In Angular I have implemented JWT authentication. While trying to implement AuthGuard security for role based authentication , it is not working
Here is my code..
Auth.guard.ts
import { Injectable } from '@angular/core';
import { Router, CanActivate, ActivatedRouteSnapshot, RouterStateSnapshot } from '@angular/router';
import { BehaviorSubject } from 'rxjs';
import { User } from '../data/schema/user';
import { TokenStorageService } from '../data/service/token-storage.service';
@Injectable({ providedIn: 'root' })
export class AuthGuard implements CanActivate {
private userSubject: BehaviorSubject<User>;
constructor(
private router: Router,
private tokenStorageService: TokenStorageService
) { }
canActivate(route: ActivatedRouteSnapshot, state: RouterStateSnapshot) {
console.log("Access token in auth gaurd", this.tokenStorageService.getToken())
const user = this.tokenStorageService.getUser();
console.log("Auth gaurd user is "+user.roles);
if (user) {
// check if route is restricted by role
console.log("Authgaurd route route is ", route.data.roles ,route.data.roles.indexOf(user.role) )
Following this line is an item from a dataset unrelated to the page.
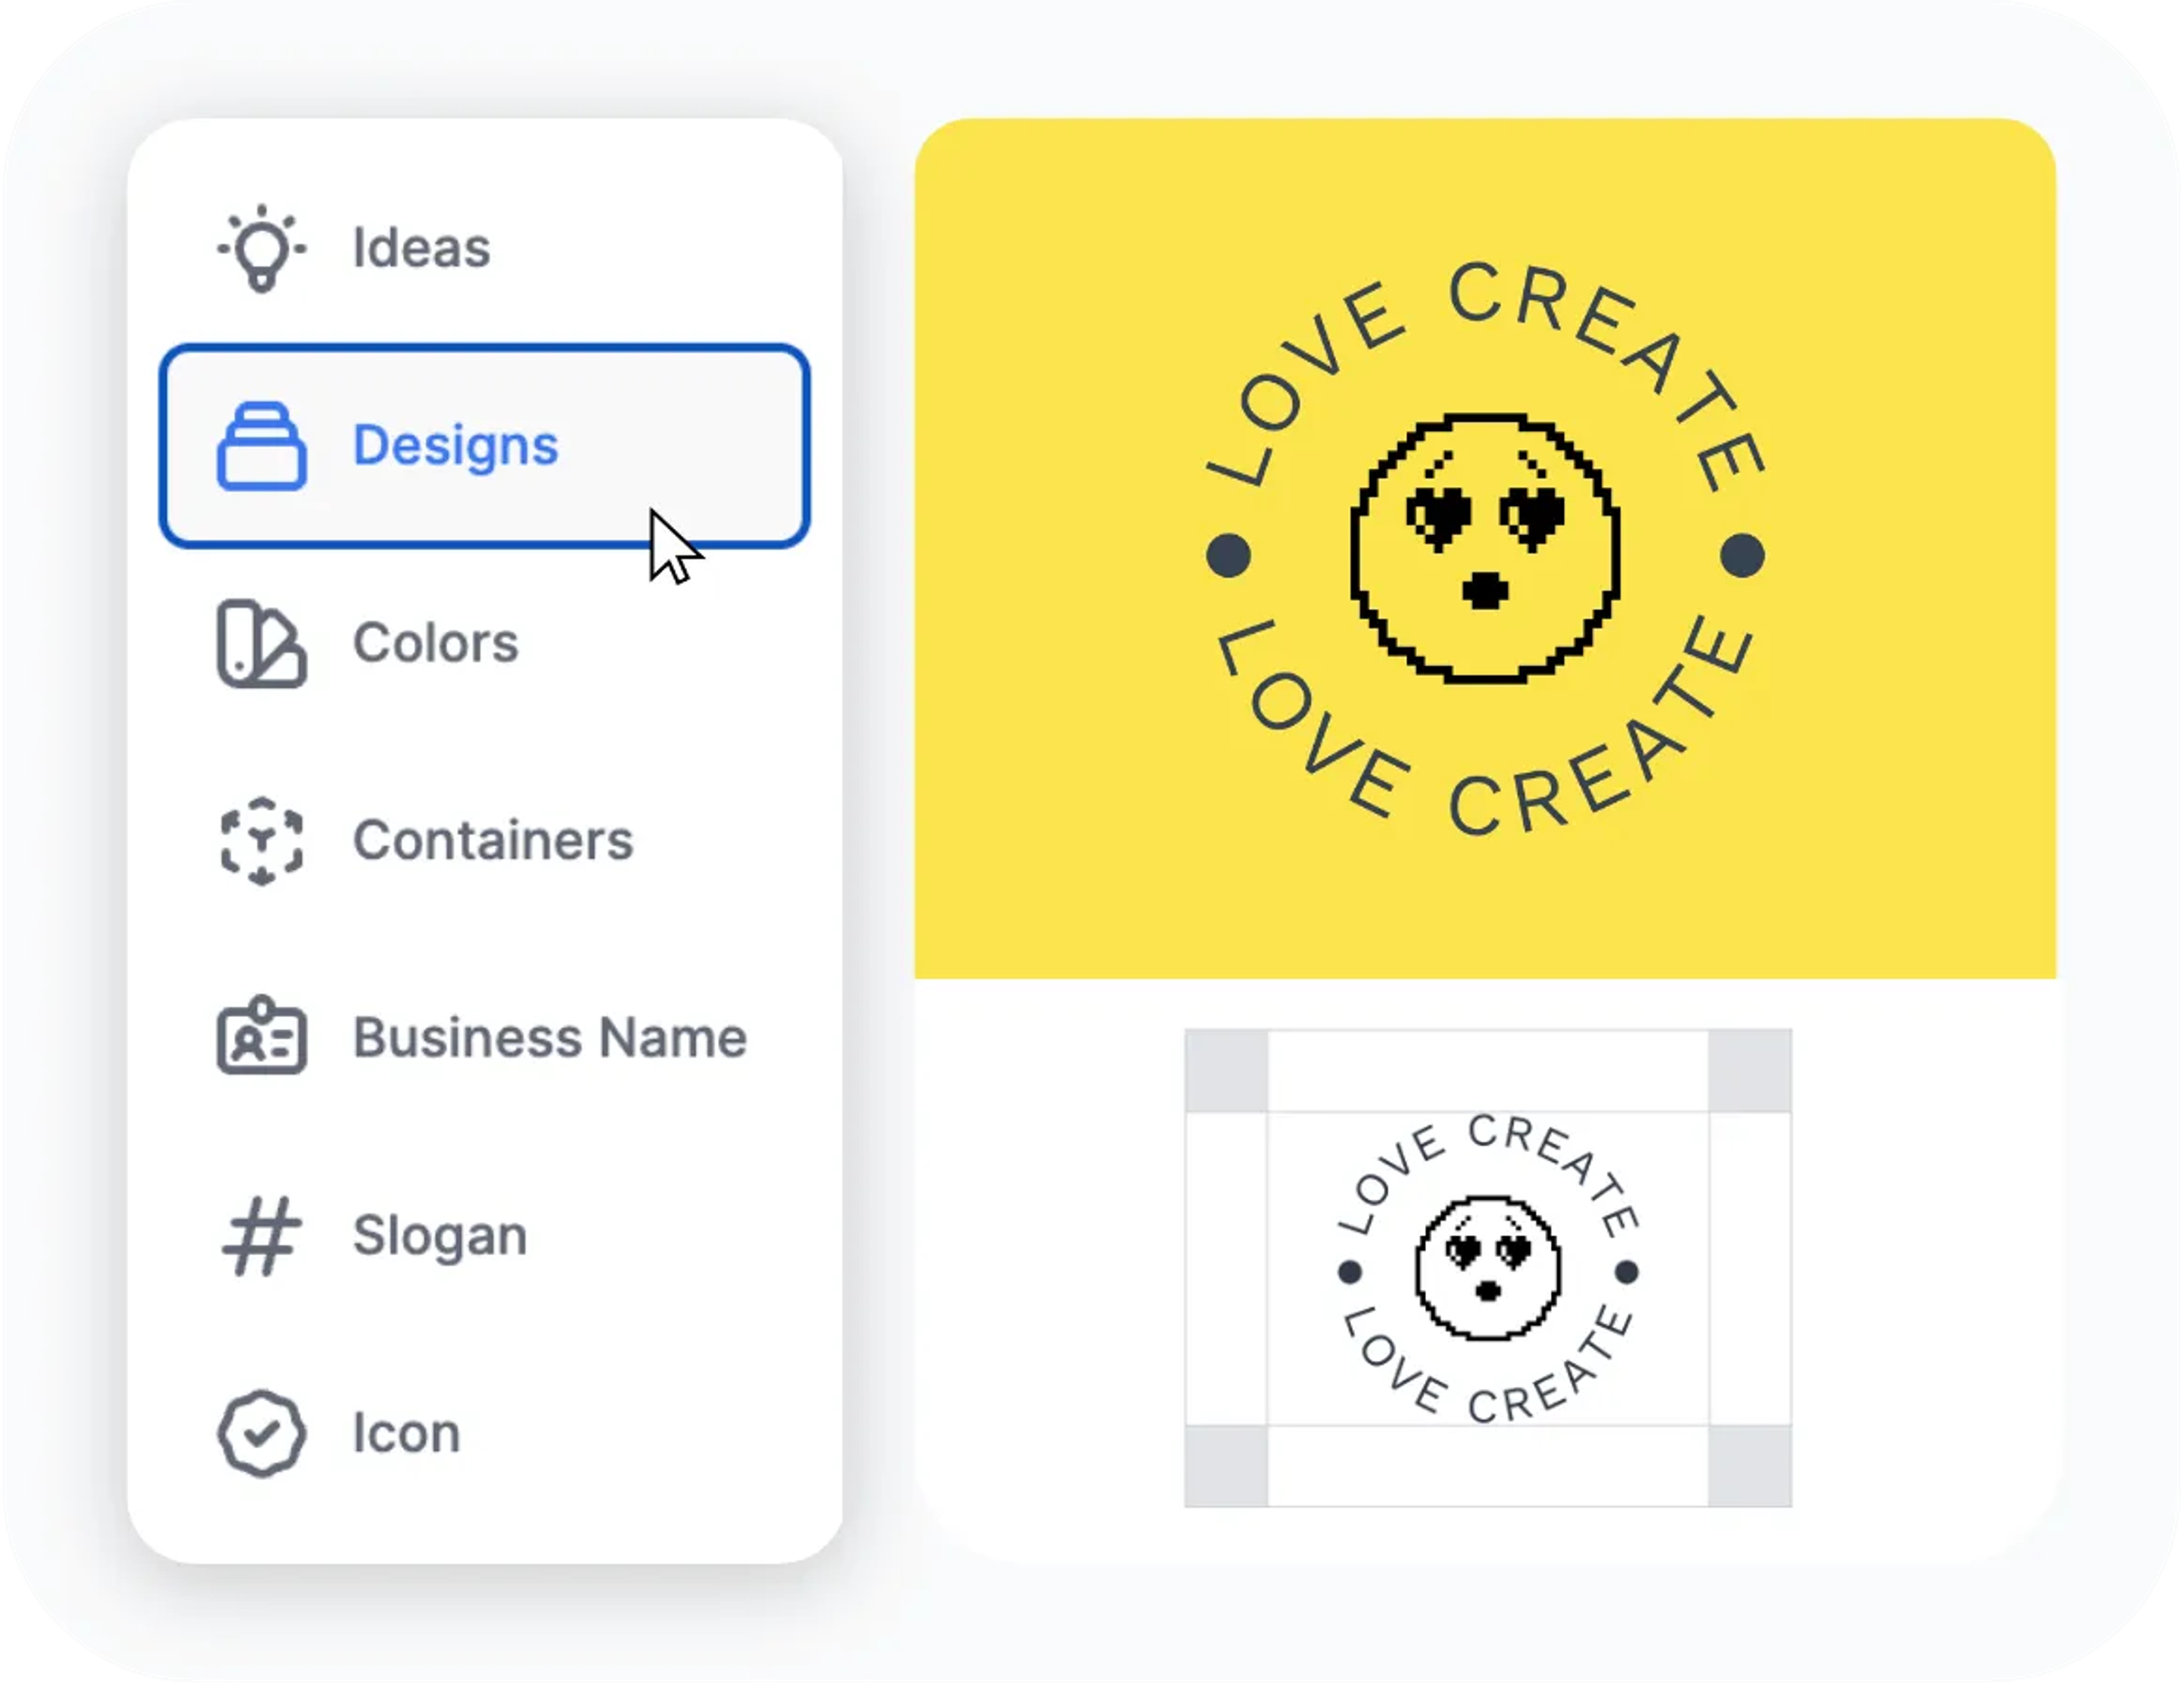 Step 1: Create and download your free logo.

if (route.data.roles && route.data.roles.indexOf(user.role) === -1) {
// role not authorised so redirect to home page
this.router.navigate(['/']);
return false;
}
// authorised so return true
return true;
}
// not logged in so redirect to login page with the return url
this.router.navigate(['/login'], { queryParams: { returnUrl: state.url } });
return false;
}
}
TokenStorageService.ts
import { Injectable } from '@angular/core';
const TOKEN_KEY = 'auth-token';
const USER_KEY = 'auth-user';
@Injectable({
providedIn: 'root'
})
export class TokenStorageService {
private roles: string[] = [];
isLoggedIn = false;
isAdmin = false;
constructor() { }
public saveToken(token: string): void {
window.sessionStorage.removeItem(TOKEN_KEY);
window.sessionStorage.setItem(TOKEN_KEY, token);
}
public getToken(): string | null {
return window.sessionStorage.getItem(TOKEN_KEY);
}
public saveUser(user: any): void {
window.sessionStorage.removeItem(USER_KEY);
window.sessionStorage.setItem(USER_KEY, JSON.stringify(user));
}
public getUser(): any {
const user = window.sessionStorage.getItem(USER_KEY);
if (user) {
return JSON.parse(user);
}
return {};
}
isUserLoggedIn() {
return !(this.getUser() === null)
}
signOut(): void {
window.sessionStorage.clear();
}
}
The image of values I am printing from AuthGuard.ts
Here is my schema code..
User.ts
export class User {
id: number;
username: string;
password: string;
email:string;
firstName: string;
lastName: string;
created_date: Date;
}
roles.ts
import { ERole } from "./ERole";
export class Role {
userid: number;
roleid:number
}
ERole.ts
export enum ERole {
user = 'ROLE_USER' ,//1
mod='ROLE_MODERATOR',//2
admin = 'ROLE_ADMIN'//3
}
in sql i have mamy to mamy relationship between role and user
so user and roles have columns as defined in schema and erole table has columns roleid and rolename.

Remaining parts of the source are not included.